I have an odd dilemma. My husband and I watched two seasons of Mad Men and LOVED it. Then we had kids. We fell behind — too behind to watch the new ones, but I don't want to rewatch two whole seasons. The same thing happened to me with Friday Night Lights. I saw season one and some episodes of season two. So, should I rewatch from the start, watch a few select episodes to catch up, or just start where I left off? —Winnie

Well, what's the goal here? You will get a lot more out of Mad Men if you remember who everyone is and are able to hear echoes of previous stories reemerge later in the series. But I only know that because obsessing over Mad Men was part of my job for a long time, and I'm a born TV obsessive. (And a completist, usually. I … am fun?) If you want to just watch the show and enjoy it exactly as you encounter it, that is a-okay, and you should simply start watching it. Mad Men and FNL are more character-driven than plot-driven — there's not some elaborate set of mechanics propelling us forward, and only through knowing that backstory will anything make sense. It's a football team. Coach is the coach. You'll get it. Why is Don Draper sad? Well, all of America and maybe the world is sad, and you can just go along for the ride.
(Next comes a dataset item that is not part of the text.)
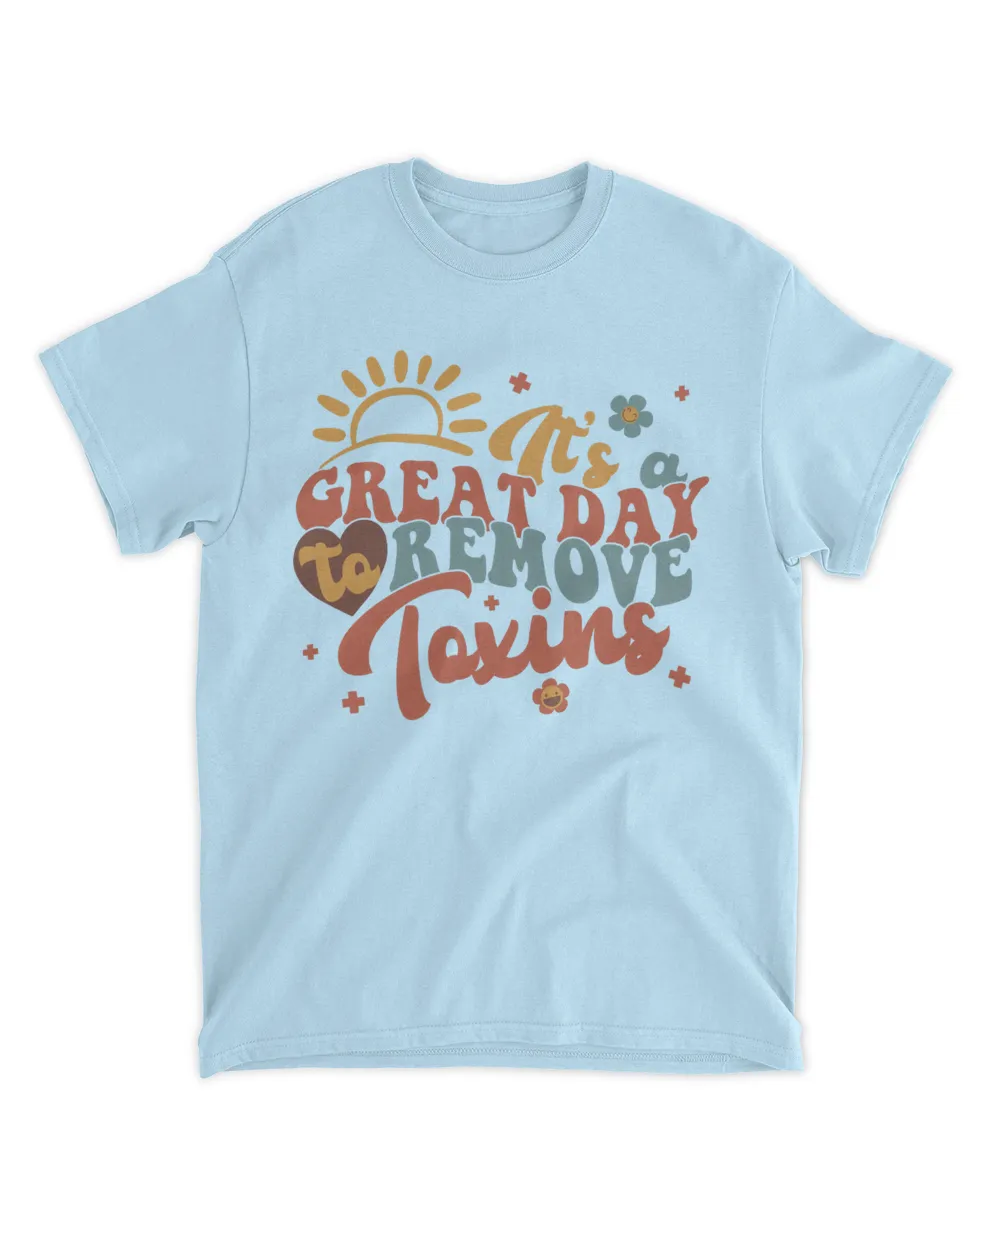 It's A Great Day To Remove Toxins Shirt, Dialysis Nurse Shirt, Dialysis Tech Shirt, Nurse Graduate Gift, New Nurse Gift

There's not one right thing to get out of Mad Men, or FNL, or any other great show. Sometimes it's fun to examine the hell out of something, to put on a headlamp and excavate your way through every fan theory, to know every tertiary character's name and the ways he or she connects to a possible extended universe, to know every Easter egg and shout-out the way other people know their child's laugh. But holy Moses, that is not the only fun way to watch a show; we just don't really talk about the other way because it's hard to write an article that says, "I casually watched a show, and while I don't remember anyone's name and I don't know if that blond guy is always on or what, it was pretty good, and 44 minutes later, I feel sated." And yet that's the overwhelming way television is pleasurably consumed. You hereby have official Stay Tuned permission to watch these shows with less than full, obsessive ardor. We accept you as the TV fan you are, Winnie.

I've heard so much about this season of The Leftovers. If I want to watch it, can I go ahead and skip the first season and watch the second? —Patrick

This has been a common question in the last few weeks, and as someone who really did not care for the first season of the show but loved the second season to borderline-maniac levels, I wish I could tell you to just jump in. And if you did, I'm sure you'd still find beauty in the show and its stories, but you wouldn't find as much depth. It's worth it to watch the first ten episodes to enrich the entire experience.

Also, many smart people really liked season one! Maybe you'll be one of them!

Is it okay for me not to like 30 Rock? I'm about halfway into season two right now, and I just don't find it funny like I'd hoped I would. I'm a fan of Tina Fey (Kimmy Schmidt, Mean Girls) and an equally big fan of the generally-accepted-as-good NBC sitcoms (especially Parks and Rec and Community), but I really just am not enjoying 30 Rock, even though I am desperate to. Am I missing something? Or is it okay for me to just not like it? —Charlie

Charlie! You're missing lots of things, but it's still okay for you not to like it. Life is hard enough; no need to watch shows you don't enjoy. 30 Rock certainly settles into itself as it goes on, but season one is pretty representative of the show, and if you're not into the "Good God, Lemon!"s by now, you never will be. That's unusual, but there are people who don't like pizza or don't get it with the Beatles or have no interest in Tetris. Some people, when presented with the options oatmeal raisin and chocolate chip, pick oatmeal raisin. The day we stop finding mystery in the world is the day we cease to live. Go forth and mystify us all, Charlie.